她跟皇上三十几年夫妻,很了解他的脾气,贤儿没急着讨好,没急着认爹讨赏,皇上肯定高兴,觉得这儿子不俗,媳妇得了一句“尽管开口”,没要金山银山,却只求移骸,也会让他高兴,觉得这媳妇能给儿子分忧。
果然,皇上虽然嘴巴没笑,但眼角却是开心的,“只要朕一句话,你便可以是王妃,有名声,有食田,懂吗?”
“民妇懂。”
“那朕再给你一次机会。”
“皇上一言九鼎,民妇还是求让田昭熙入陪陵。”
“好,好。”皇上露出笑意,“来人,传朕旨意,让宣雷丹拟草,追封田昭熙为琬妃,寻吉日,入陪陵。至于黄宜跟当初彩晨宫几个还在的宫女,皇后觉得应当如何处置?”

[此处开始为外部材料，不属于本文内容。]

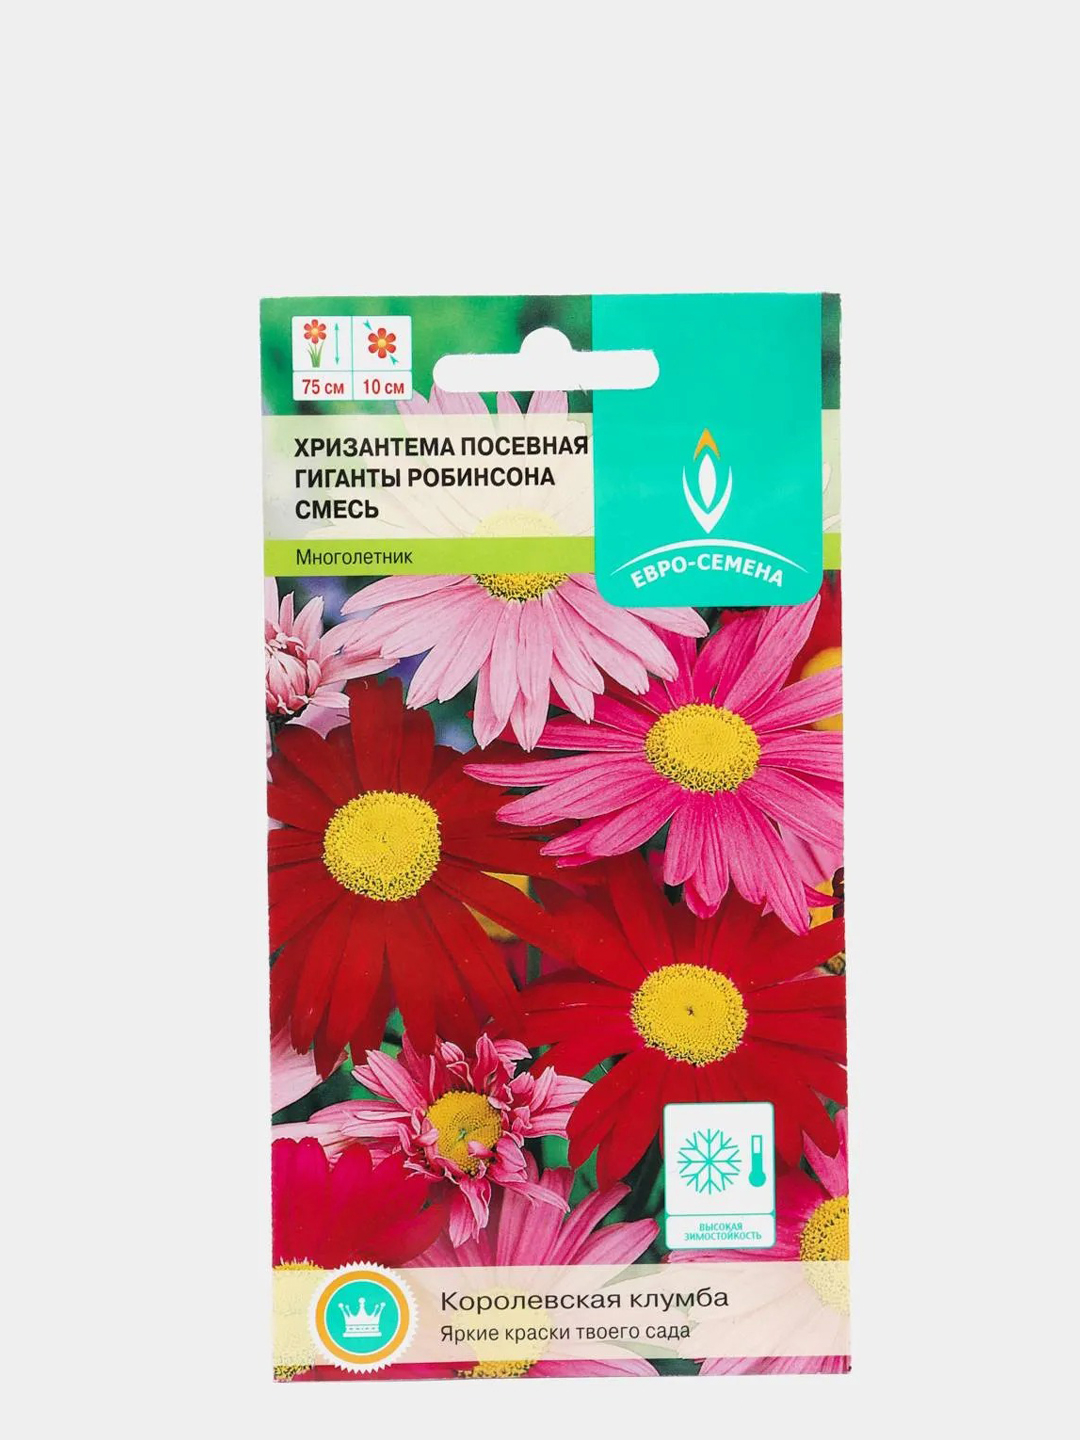 Хризантема Гиганты Робинсона смесь 0,1г / Семена цветов за 16.8 .

“黄宜在宫里一辈子,出宫只怕也不会生活了,升她为一品女官,让她掌秀女院,良月独自扶养贤儿多年,功劳很大,不如让牌位入陪陵,也算是成全了她与田琬妃的主仆情谊,田琬妃当年入思过房,多亏叶荷散尽钱银打点衣食,这才能捱到生下安宁,叶荷现在是贤儿媳妇的教仪嬷嬷,她无儿无女也不爱钱财,齐家又对她甚好,不如把贡茶之事交给齐家,倒是比赐银给她更受用,”
“那就照皇后意思吧。”
始终没开口的程商一揖,“谢父皇。”
傅皇后始终微笑,这两孩子太对皇上的喜好了——皇上是九五之尊,要他承认错事,那是万万不可能,田昭熙入陵,不是他认错,是他一言九鼎,应了齐瑶的恳求。

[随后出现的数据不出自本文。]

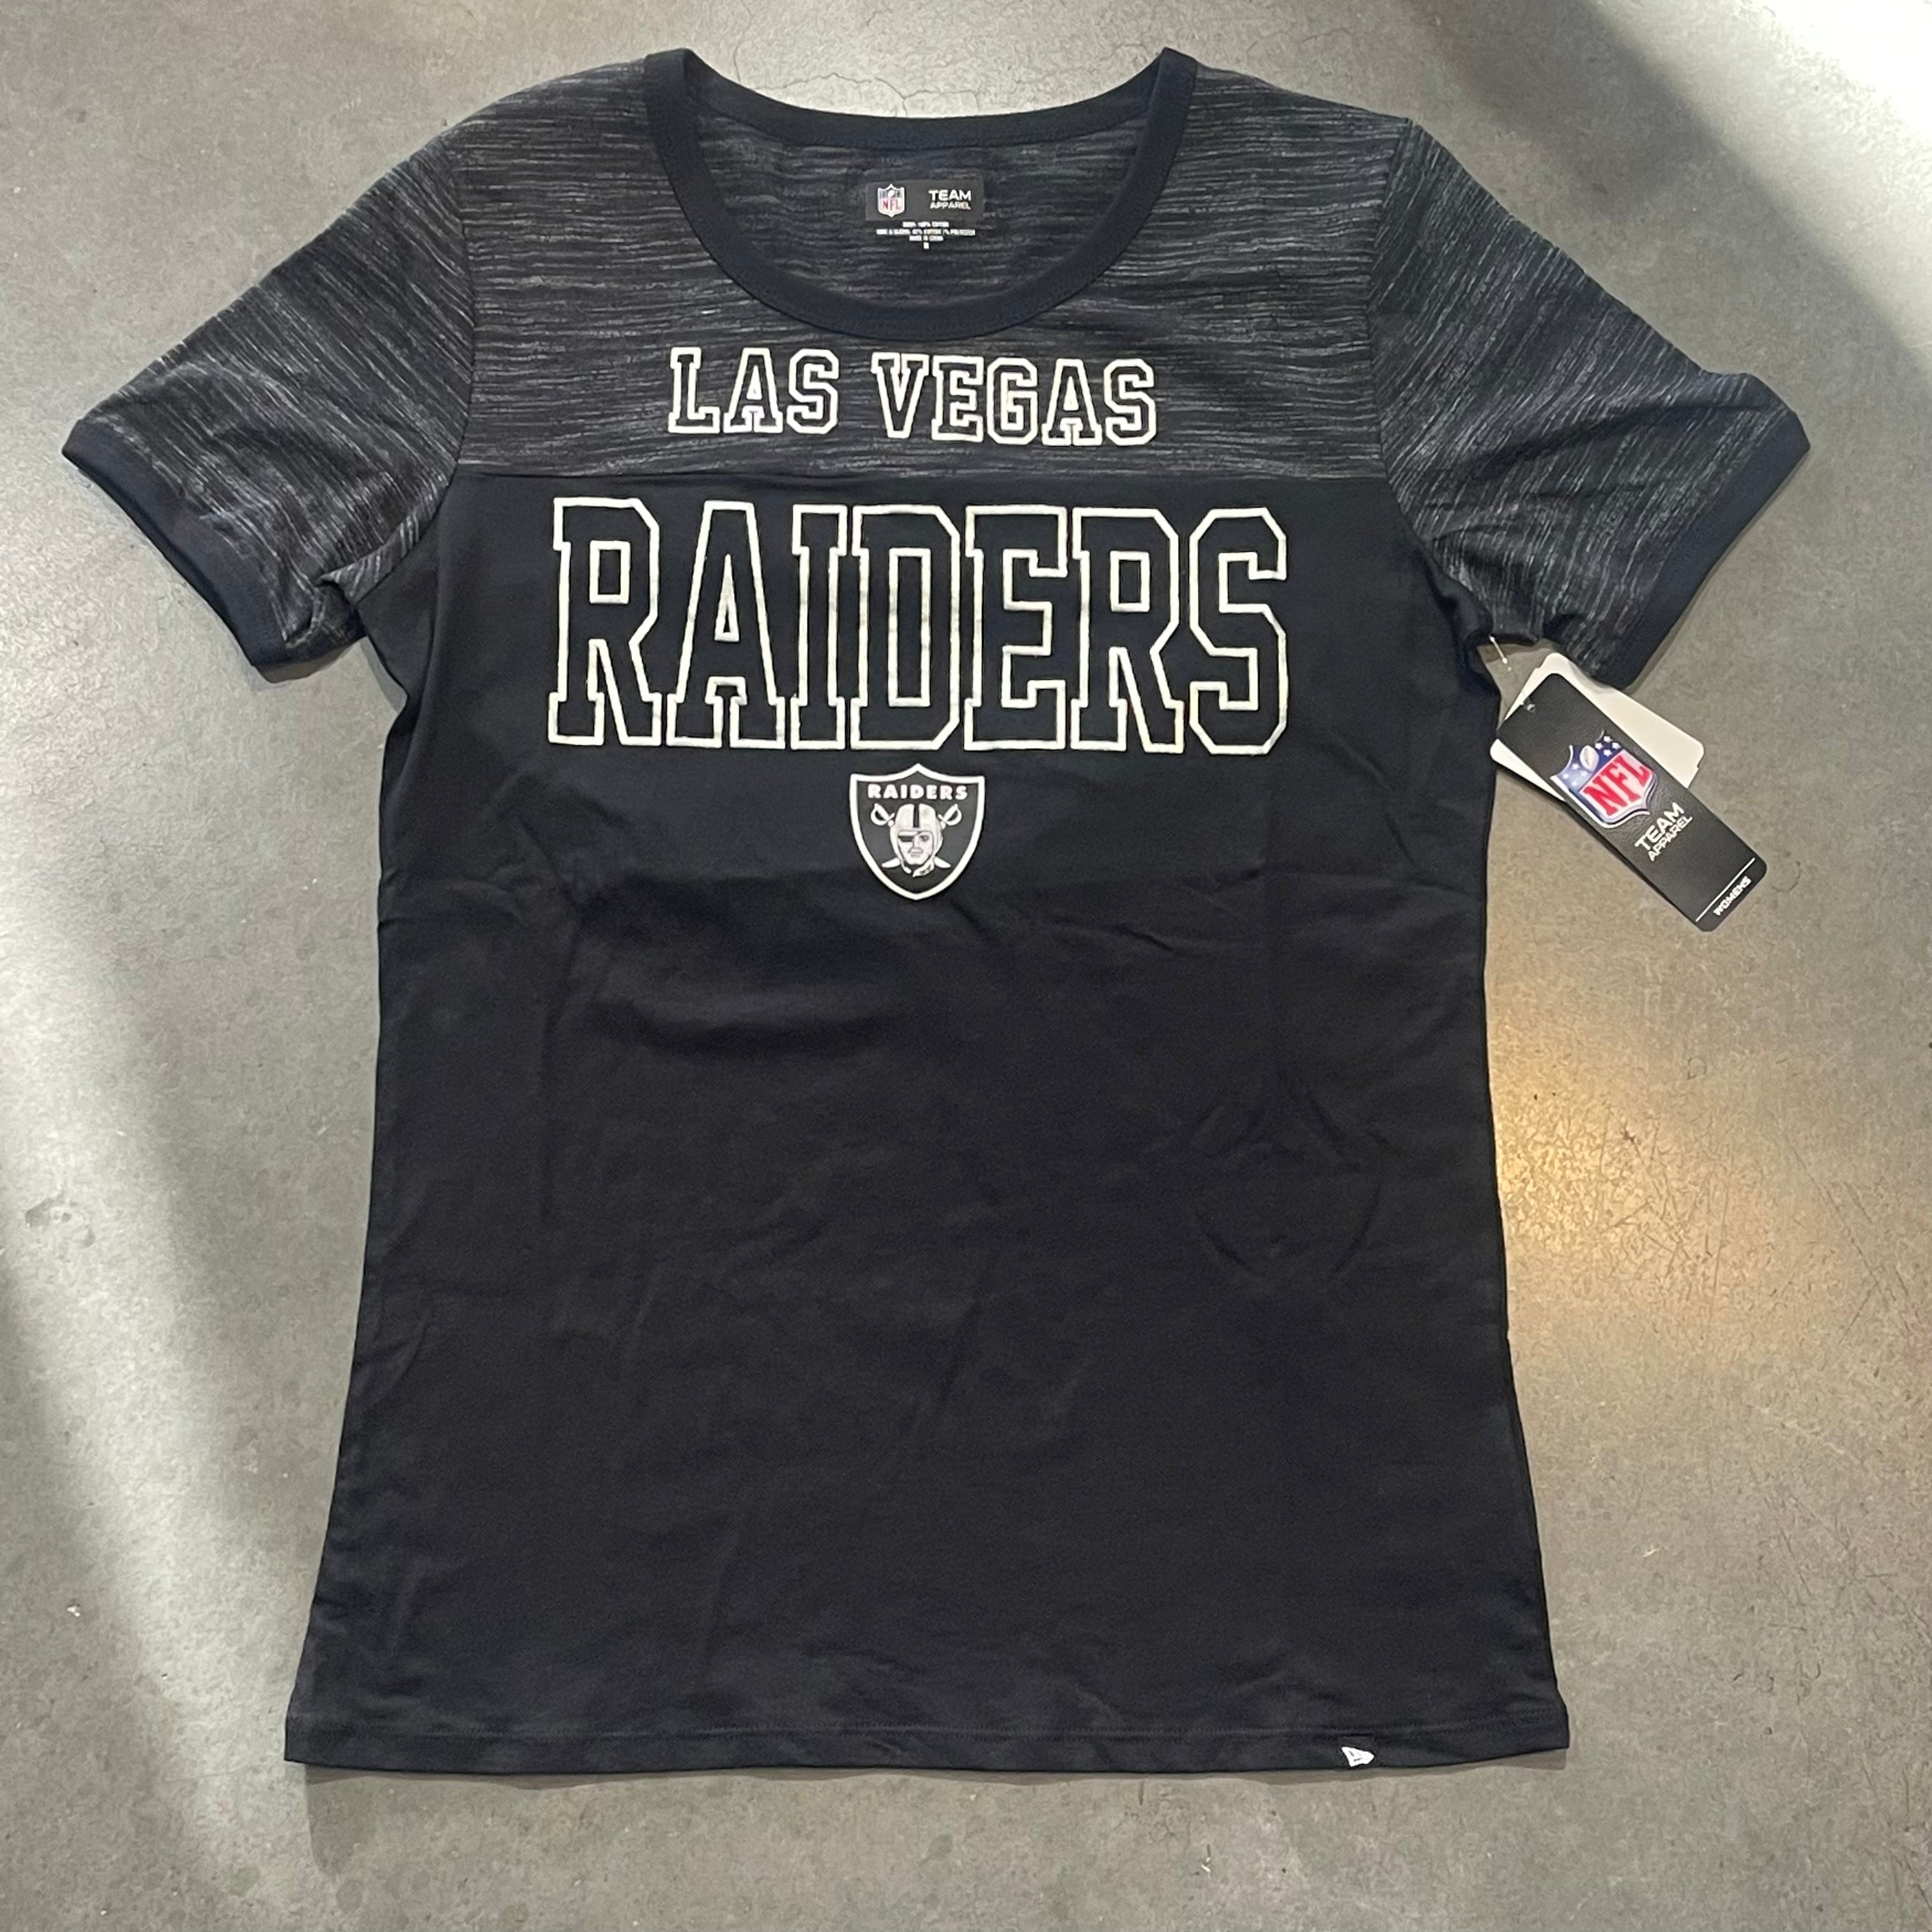 Las Vegas Raiders Merchandise, Las Vegas Raiders T-Shirts, Apparel

再者,他说的是“处置”彩晨宫人,是她擅自“封赏”,皇上大人大量,不忍打皇后脸,这才同意。
只是一个皇帝都明示暗示到这地步,若贤儿还不接受这道歉,喊他一声父皇,倒是显得他心硬了——虽是皇上,但很多时候也不是随心所欲,譬如说,顾及朝廷势力,顾及谭太后的权柄,又譬如说,云州水患,他久住在御书房,却没想到田昭熙跟贤儿就在这两个月都病死了。
贤儿失忆也是好处,若是记得当年,只怕父子要重修亲情,却是没那样容易了,失忆即是一切抹平,从头开始。